Robinhood debuted in a crowded but diminished week in the capital markets, as a record-setting year of U.S. listings is losing momentum. Some 33 companies including blank-check firms had been slated to raise more than US$11.6 billion on U.S. exchanges, according to data compiled by Bloomberg.


IPOs pulled

The second-biggest IPO of the bunch, what was planned to be a listing of up to US$1.8 billion by car-battery maker Clarios International Inc., was postponed indefinitely. Preston Hollow Community Capital, a provider of specialized financing solutions, also delayed its IPO, which had been set for Thursday, Bloomberg News reported.

An IPO by fruit and vegetable producer and distributor Dole Plc, earlier planned for Tuesday, was cut back to a target of up to US$515 million and moved to later Thursday.

Five of of the six U.S. IPOs that raised US$2 billion or more closed above their offer prices on the first trading day, Bloomberg’s data shows. Only three are trading above their offer price currently.

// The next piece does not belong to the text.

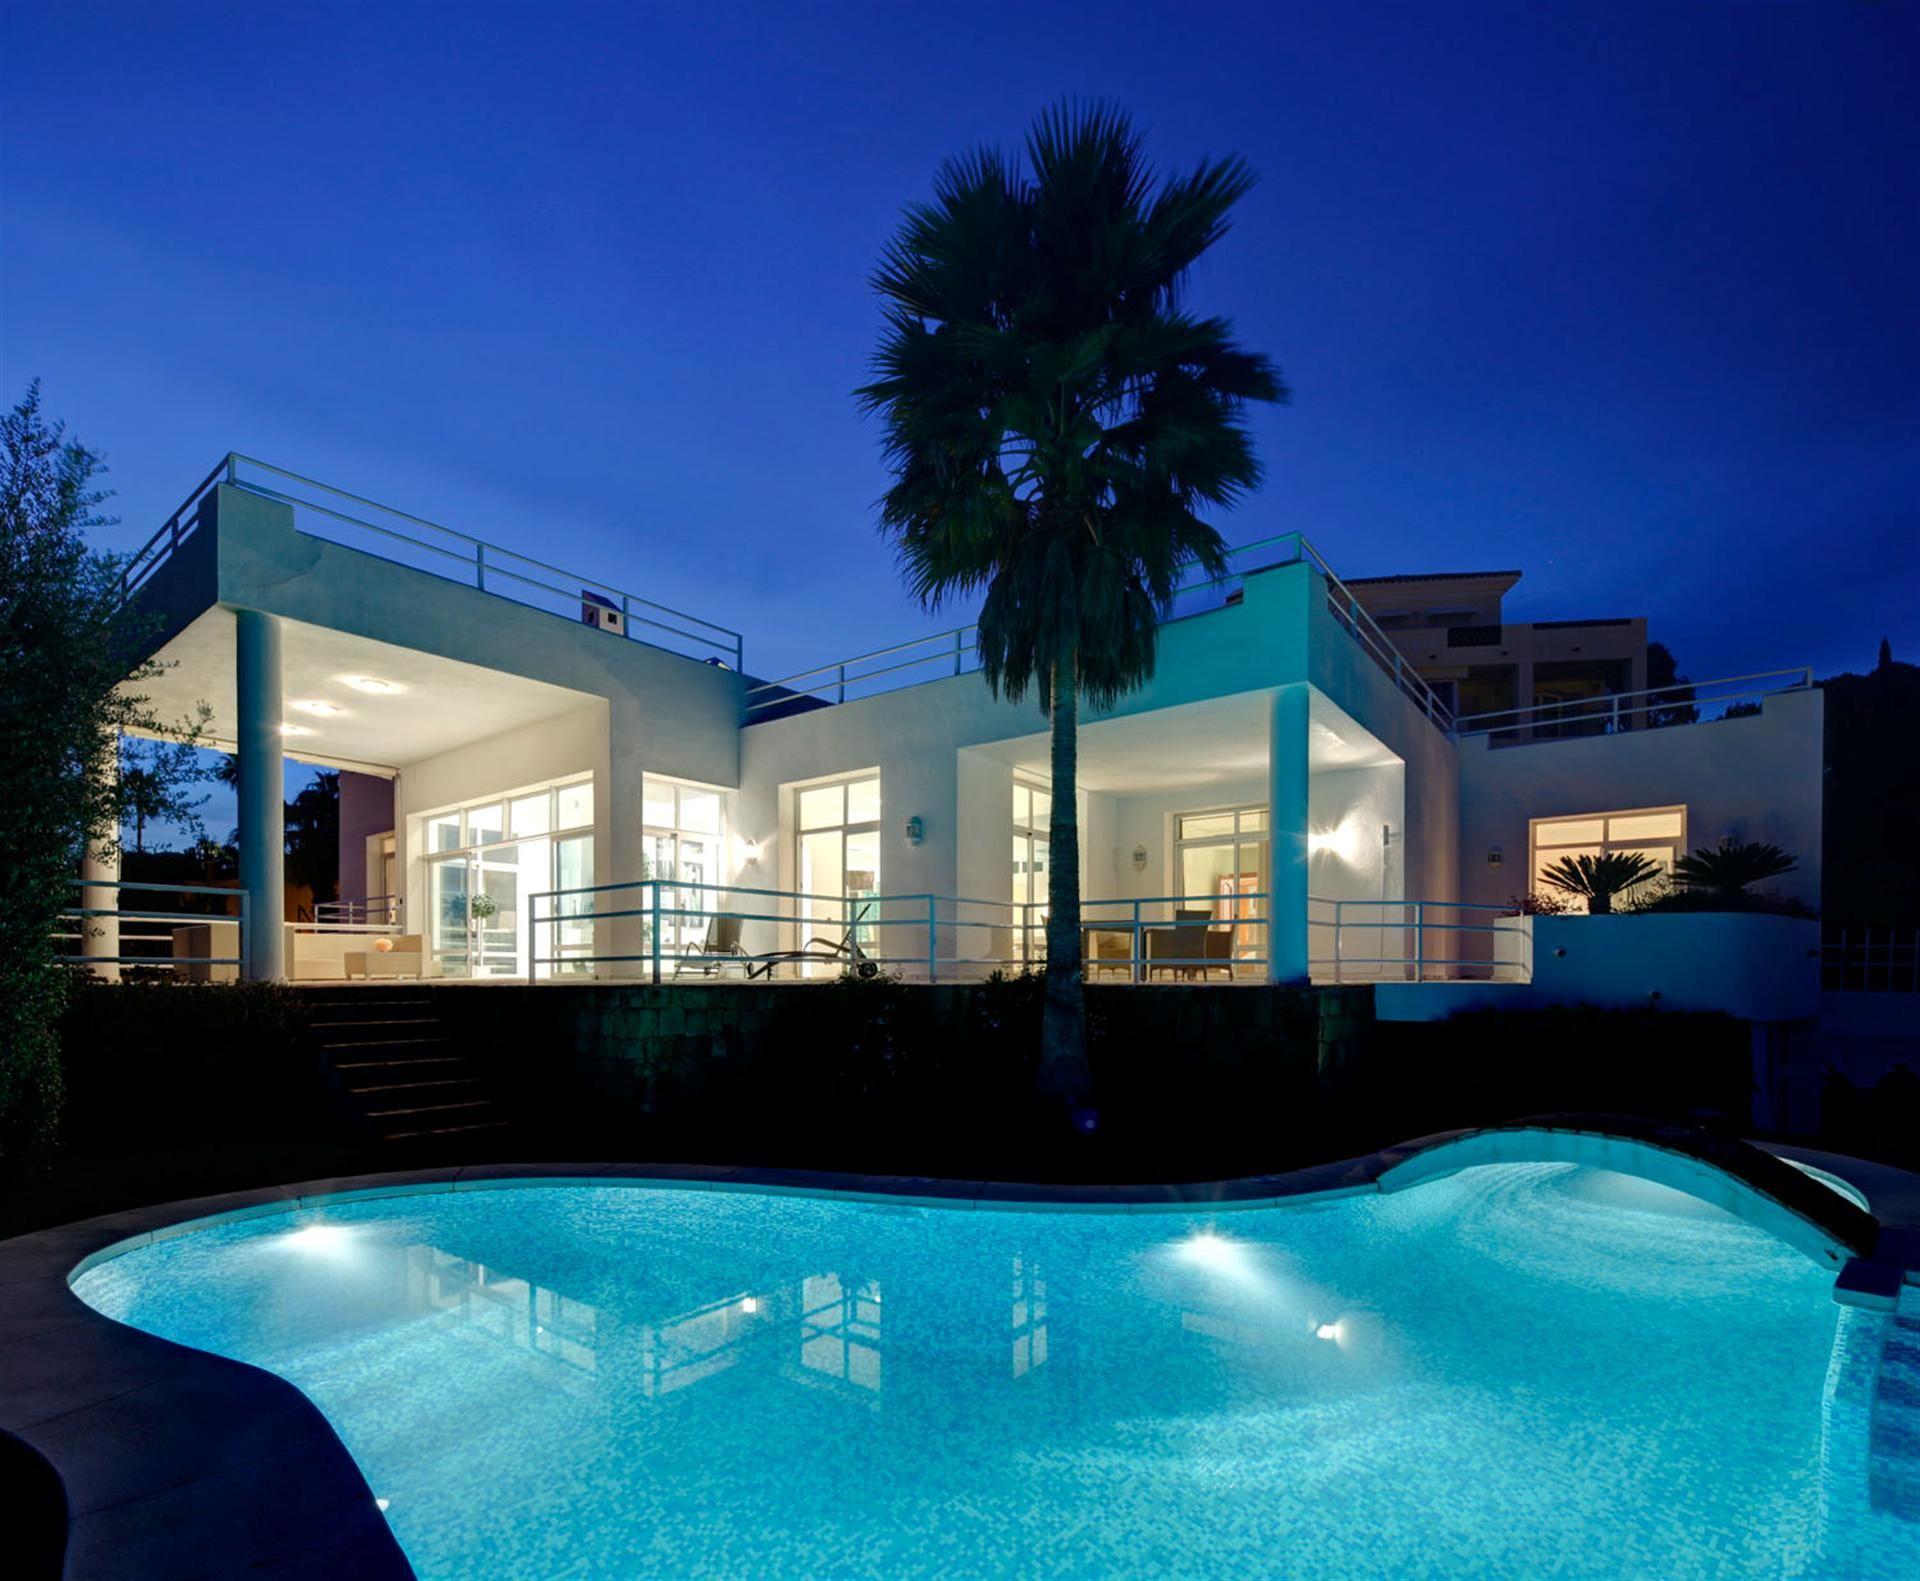 5 bedroom house / villa for sale in Benahavis, Costa del Sol

Another potential wrinkle that increased the volatility of Robinhood’s listing is that it allowed insiders to sell up to 15 per cent of their holdings right away, instead of locking them up for the first six months.


‘Surreal moment’

Robinhood co-founder and Chief Executive Officer Vlad Tenev said in a Bloomberg television interview that he’s striving for a “large portion” of the company’s customers to be long-term investors.

“It’s a surreal moment,” Tenev, 34, said shortly before Robinhood shares began trading on Nasdaq. “We’re not thinking about anything that happens in the market, especially in the short term.”

Tenev and co-founder Baiju Bhatt officially became billionaires with the IPO. Tenev’s holdings were valued at US$2.4 billion, according to the Bloomberg Billionaires Index. Bhatt, who shared the CEO duties until last year, is worth US$2.8 billion.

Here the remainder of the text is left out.